2.2 Do you have information, data or research on the types and amounts of PPPs used in Canton Vaud or Switzerland? 
2.3 In your opinion, what types of crops are most pertinent for occupational PPP exposures? 
2.4 In your opinion, what types of tasks are most pertinent for occupational PPP exposures? 
2.5 What organisations or contacts would be pertinent to contact in order to obtain more information, data or research on occupational PPP exposures in Switzerland? 
3. Health effects
3.1 In your opinion, which health effects are the most important to consider following occupational PPP exposures in Switzerland? 
3.2 Do you have information, data, or research on the health effects following occupational PPP exposure in Switzerland? 

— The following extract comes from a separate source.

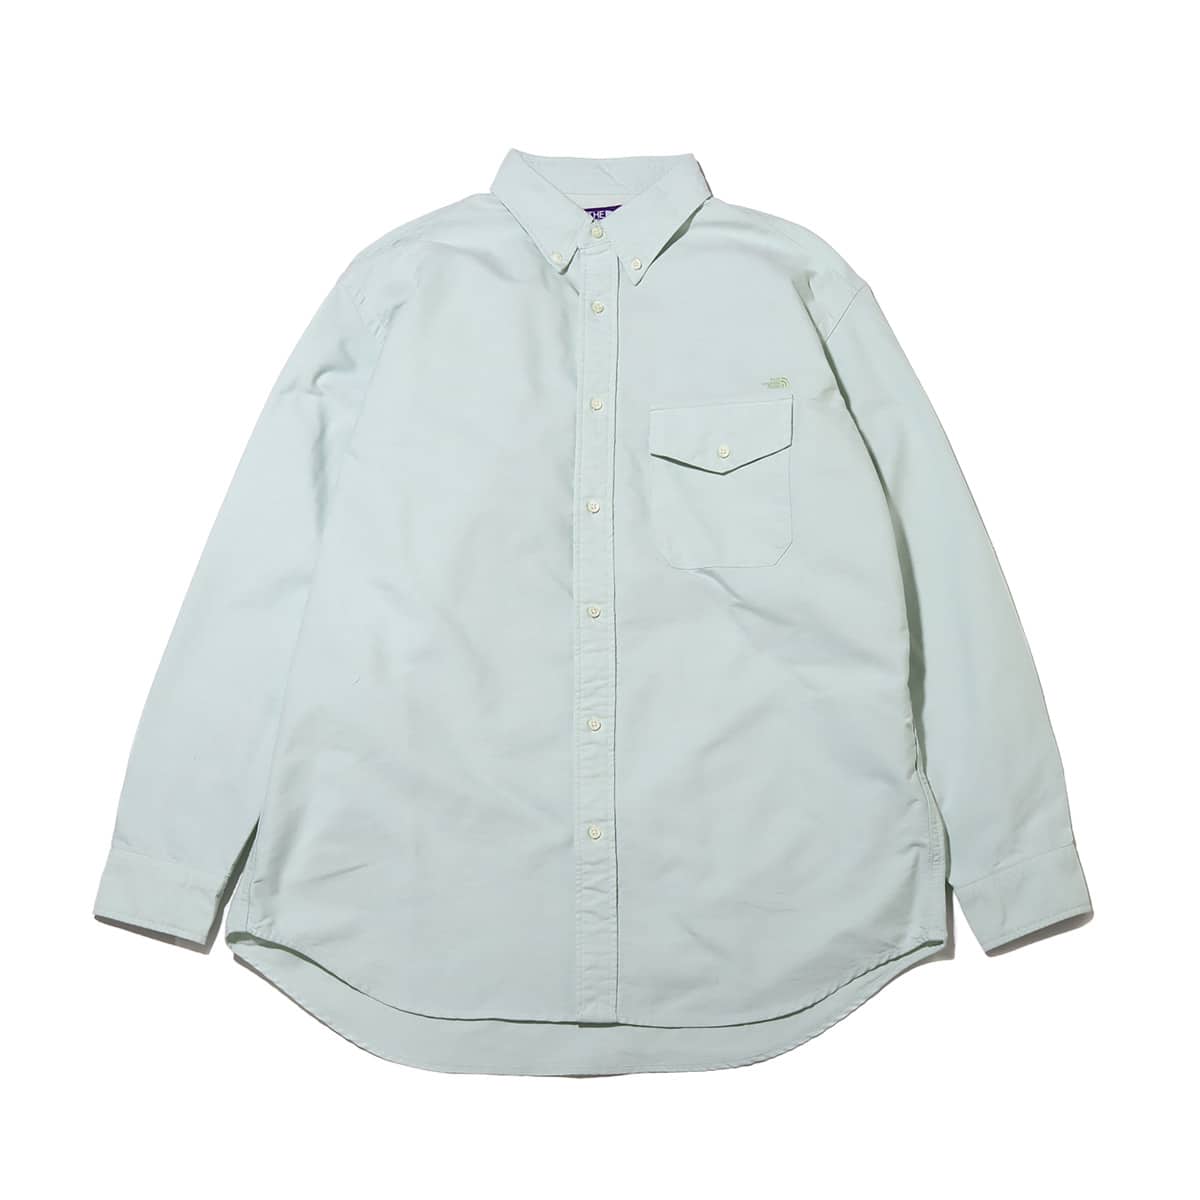 THE NORTH FACE PURPLE LABEL Cotton Polyester OX B.D. Shirt Green

3.3 What organisations or contacts would be pertinent to contact in order to obtain more information, data or research on the health effects following occupational PPP exposures in Switzerland? 
4. Additional information 
4.1 What other information can be useful towards uncovering more information about occupational PPP exposures and resulting health effects in Switzerland? 
4.2 What are your recommendations in regards to the next steps for this research? 
4.3 Any final comments, questions, suggestions?